Yeni ezber bozanlar: Eren Boz, Yeliz Korkmaz, Eylem Başar Söğüt, Selin Özünaldım
Kendi bildiğini okuyan, başarılı ve kitleleri peşinden sürükleyebilen isimlerden ilham alıyoruz. Dijital içerik üretici Yeliz Korkmaz, sanatçı Eren Boz, siyaset bilimci ve girişimci Eylem Başar Söğüt ve toplumsal cinsiyet eşitliği savunucusu Selin Özünaldım ile ezberleri bozmak için buluşuyoruz.

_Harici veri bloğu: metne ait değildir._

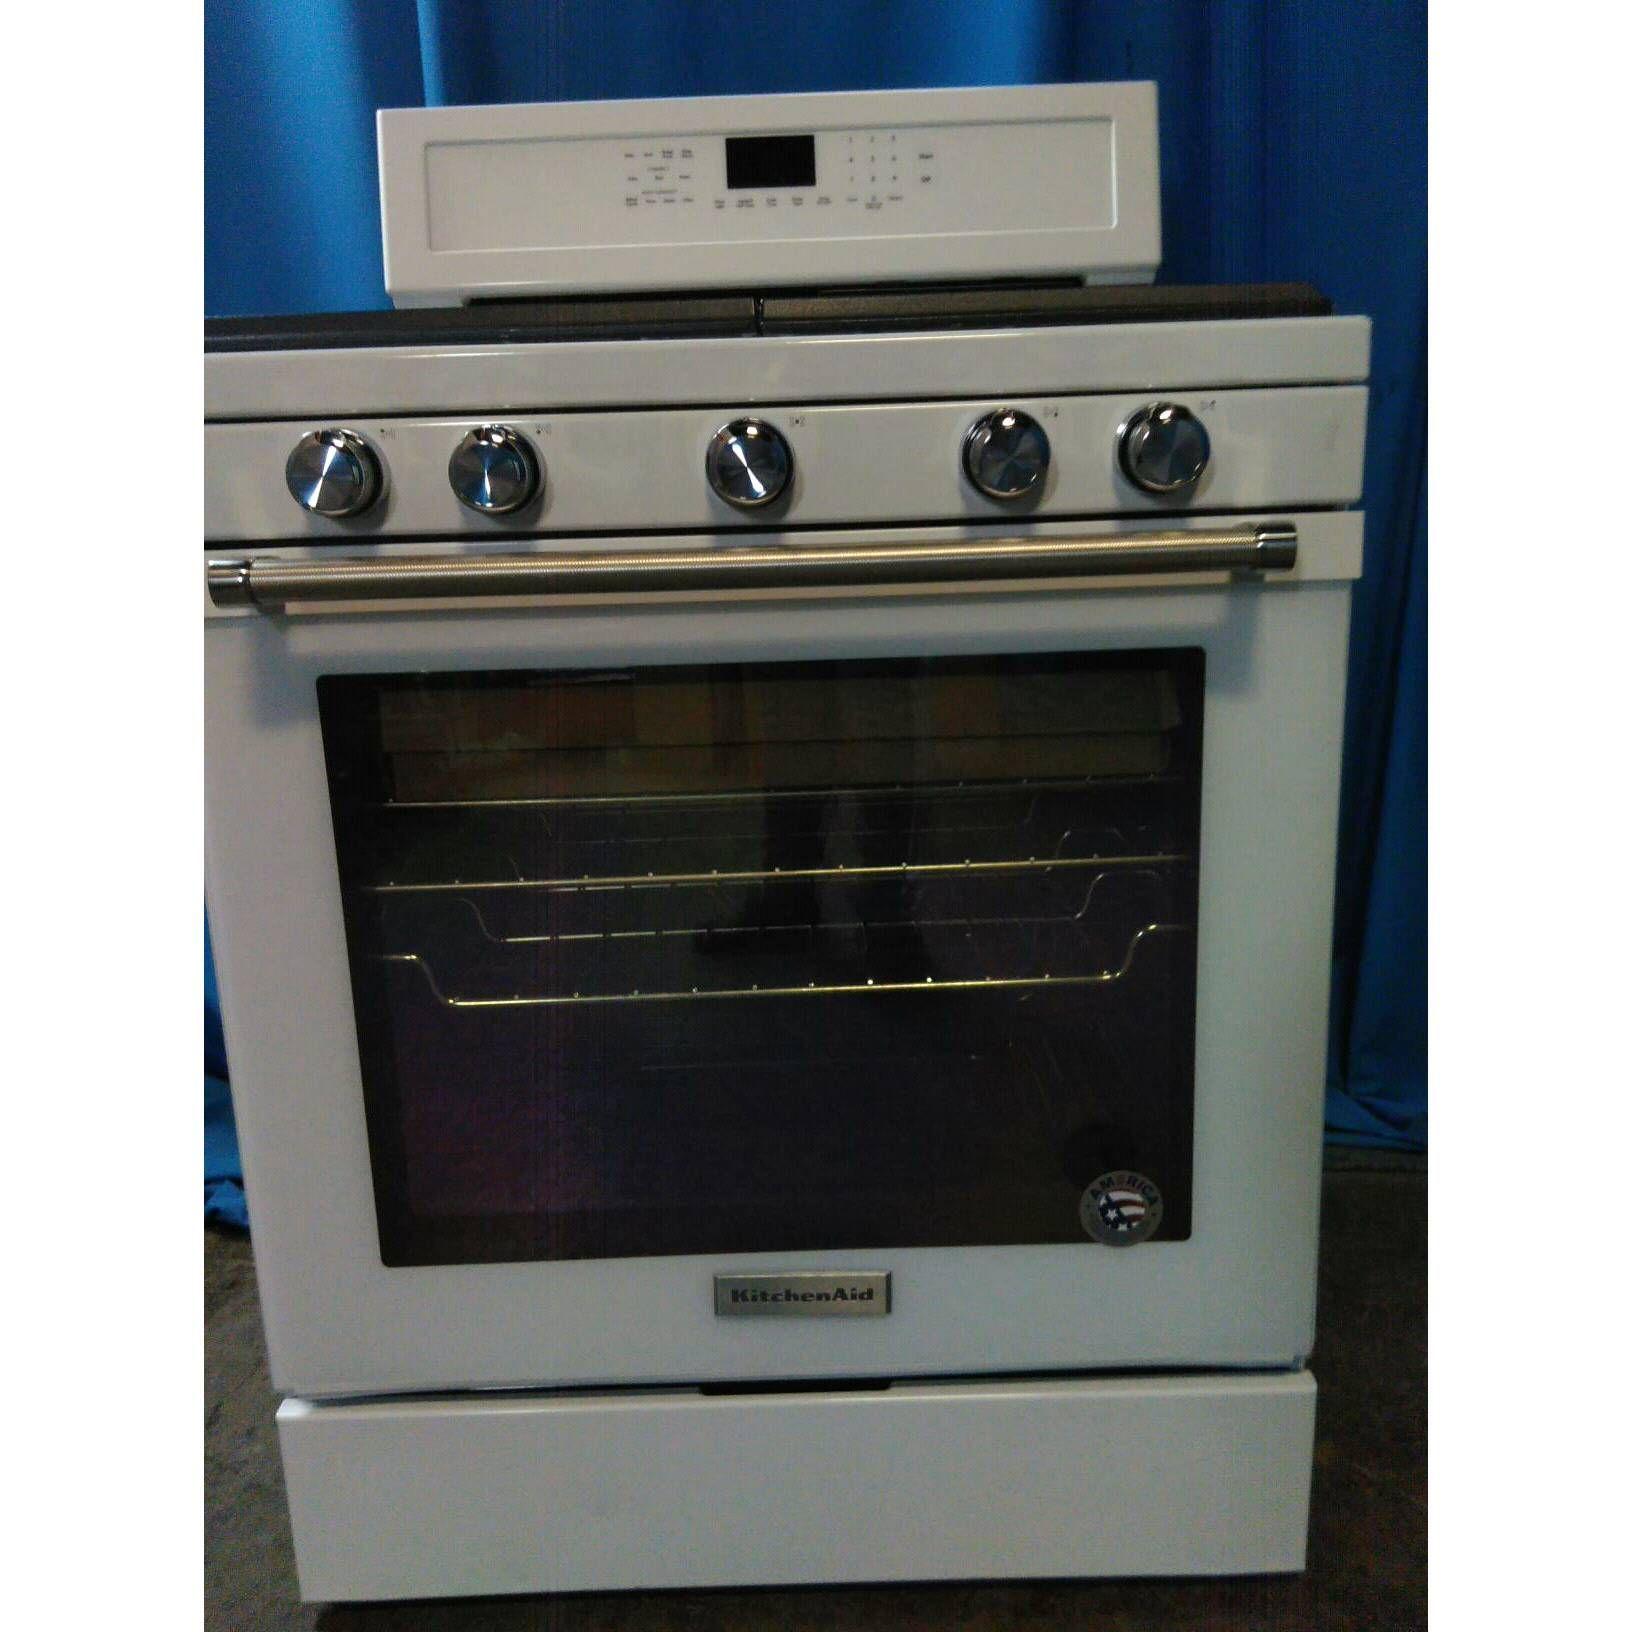 Sears Outlet: Discount appliances, refrigerators ...

Kendi bildiğini okuyan, başarılı, kariyerinde yeni bir yol çizen, oyunu değiştiren ve kitleleri peşinden sürükleyebilen isimlerle göz göze geliyoruz. Onlar, kendi maceralarının başrolünde ve çok daha öncesinde sınırları çizilmiş rollerin dışına çıkarak farkını ortaya koymuş kişiler. Var olan ezberleri bozmak, onlar için fazlasıyla sıradan bir adım. Çünkü ihtiyaçları olan ateşleyici gücü kendilerinde, motivasyonlarını ise ruhlarının derinliklerinde buluyorlar. Dijital içerik üretici Yeliz Korkmaz (@semiraminta) ile kendine hep bir başka yol çizebilmeyi, sanatçı Eren Boz ile yaşamın kendisi olmayı ve kendini süreç haline getirmeyi, siyaset bilimci ve girişimci Eylem Başar Söğüt ile kendi kalıplarında olmayan herkesi ötekileştirmişlere karşı durmayı ve toplumsal cinsiyet eşitliği savunucusu Selin Özünaldım ile değişimi yaratmayı ve daha eşit bir dünya için çalışmayı konuşuyoruz. Onların zihninin kıvrımlarında geziyor, hayat yolculuklarına kısa bir bakış atıyor ve ezberleri bozma motivasyonundaki ruh hallerini merak ediyoruz. Dünden, bugünden ve yarından sakince ilham alıyor ve kendilerine ait, altını çizecek birçok cümlenin peşine düşüyoruz. Gökyüzünün altında, hayatın tam ortasında ve bugünün akışında yapılacak en doğru şeyi yapıyoruz. Yeni ezber bozanlarla tanışıyoruz. Zamanı geldi!
RÖPORTAJ: BARAN ALIŞKAN
FOTOĞRAF: HAMDİ ATAY
STYLING: BİLGECAN KOÇANA
SAÇ: EMRE ALTIN
MAKYAJ: AKIN SERT
FOTOĞRAF ASİSTANLARI: OKAN IŞIK, UMUT SEFİLOĞLU
STYLING ASİSTANI: BARIŞ TAŞDEMİROĞLU
IŞIK TEKNİSYENİ: HAKAN DERELİ
KIYAFETLER İÇİN; ETUDES, DESOLE, CONVERSE, SNEAKS UP, ACNE STUDIOS, V2K DESIGNERS, WANDERING, GIA X PERNILLE TEISBAEK, ELÇİN DAĞLAROĞLU, BEANY BEADY, SIEDRES, PSC, VAKKORAMA, NOID, MM6 MAISON MARGIELA, VAKKO, LORENZA ANTONIAZZI, JCM LONDON, LIMED, IAMLOVEIN, RODELA, NOON GOONS, BUTE APPAREL, M MISSONI, TETE BLEUE, H&M, FLAINER, AMERICAN VINTAGE, OFF-WHITE, BEYMEN, JAAGRAVII VE MERS’E TEŞEKKÜR EDERİZ.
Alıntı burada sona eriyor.